Nearly $4 billion has been provided by various sources to support the OSC project. The World Bank, the Moroccan government, and the European Investment Bank are some of the project’s investors. The Noor 1 phase of the project cost about $700 million.

Noor 1 and the OSC are part of Morocco’s goal to obtain more than 40 percent of its power from renewable sources by the year 2020.

  1. Mafraq 1 Solar Plant, Jordan

Like Morocco, Jordan is also seeking to increase its renewable energy resources by the year 2020.
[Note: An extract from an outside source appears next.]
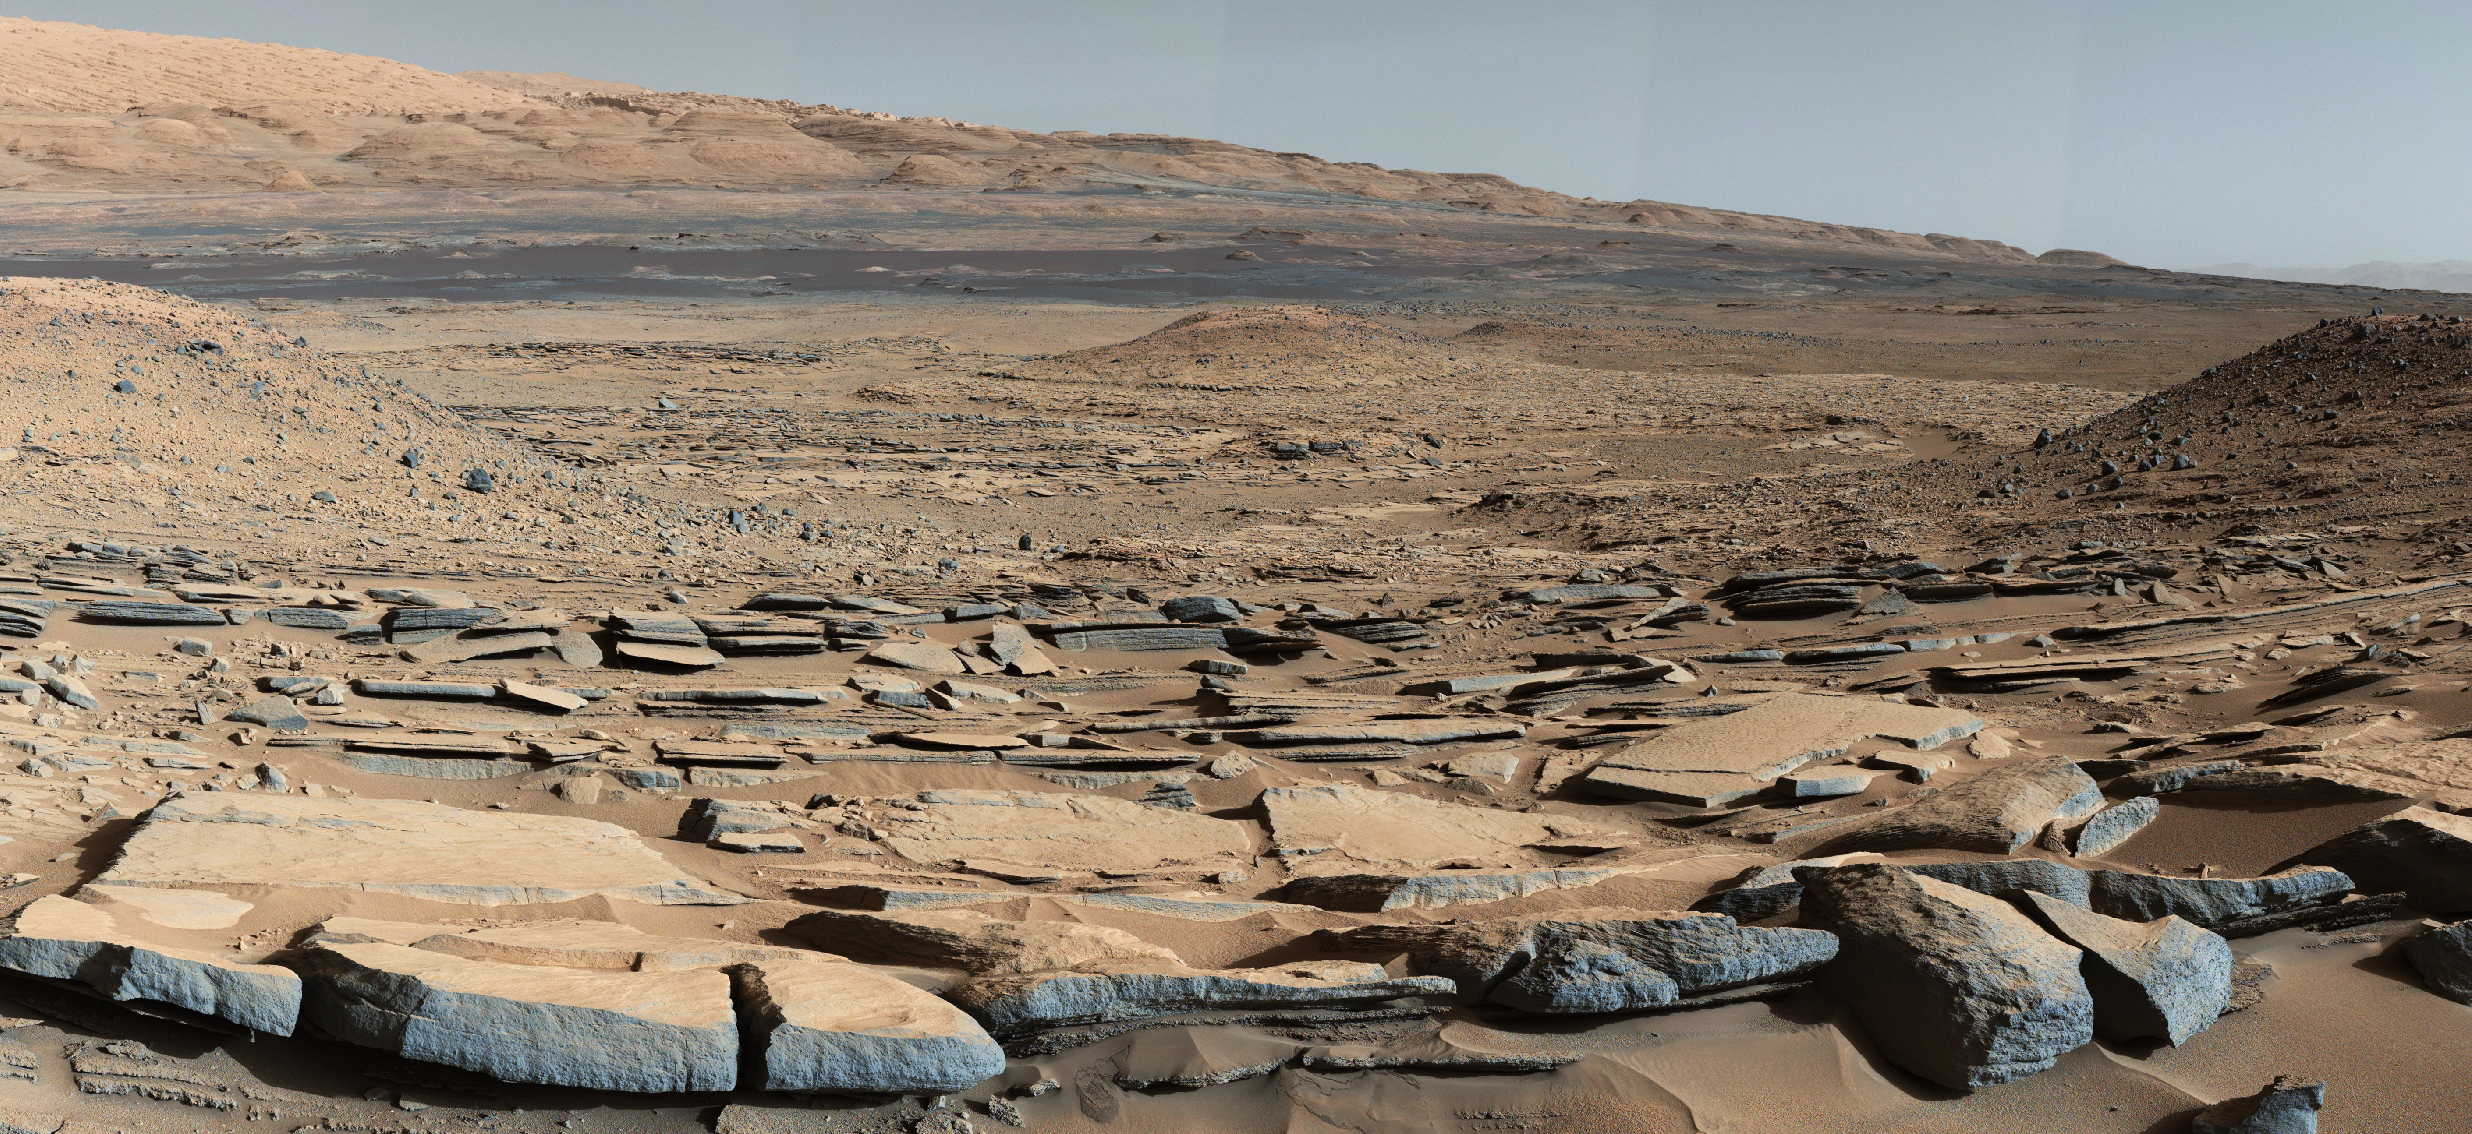 Тайна Красной планеты: зачем землянам Марс

One part of this effort is the Mafraq 1 Solar Plant, which is currently under construction in northern Jordan. The solar photovoltaic (PV) plant will have a capacity of 50 megawatts. Mafraq 1, which is scheduled to begin operations in 2018, will provide 40,000 Jordanian homes with electricity at just under 7 cents per kilowatt hour, much lower than the country’s average energy prices.

The construction of Mafraq 1 is being led by Fotowatio Renewable Ventures, a branch of Abdul Latif Jameel Energy. The project is being funded with $76 million from the International Finance Corporation, $8 million from the Europe Arab Bank, and additional funds from Finnish and Dutch companies.

Mafraq 1 is expected to have a positive effect on the country. In addition to reducing carbon emissions by 80,000 metric tons annually, the plant will create more than 200 construction jobs.

  1. Scatec Solar Plants, Egypt

solar panelsSix solar plants are under construction in Egypt. Three are located in the Benban region of the southeast, while two are situated in the Zafarana region to the northeast. The plants in Benban will have a total capacity of 150 megawatts, while those in Zafarana will have a capacity of 100 megawatts.

Egypt’s solar program remains in its infancy. The country’s goal is to install 2 gigawatts of PV panels in 40 separate solar complexes as part of its solar FiT program. By 2020, the country hopes to obtain 20 percent of its power from renewable sources.

Scatec Solar will construct, own, and manage the plants at Benban and Zafarana for 25 years, according to an agreement signed by SSO and its partners. The company has committed $600 million to this project over two years, and the plants aim to generate about $60 million in revenue annually. SSO’s work in Egypt is expected to diminish the country’s yearly carbon emissions by 300,000 tons.

  1. Mohammed bin Rashid Al Maktoum Solar Park, UAE

Mohammed bin Rashid Al Maktoum Solar Park in Dubai, which is expected to become the largest solar power plant in the world, could potentially generate 5,000 megawatts of electricity by 2030.

The project was launched by the Dubai Electricity and Water Authority in 2012. The 77-square-meter park is expected to reduce the country’s carbon emissions by more than 6 million tons.

The solar park, whose first phase became operational in 2013, currently generates 13 megawatts of electricity. More than 150,000 photocells and 13 transformers work to provide more than 28 million kilowatt hours of power each year.

The second phase of the solar park will be much larger, with the expectation that it will produce 200 megawatts of clean energy. The solar park is expected to power 50,000 homes in the city through more than 2 million photovoltaic solar panels.

The third and largest phase of the solar park, which will produce 800 megawatts of electricity, is expected to be completed by 2020.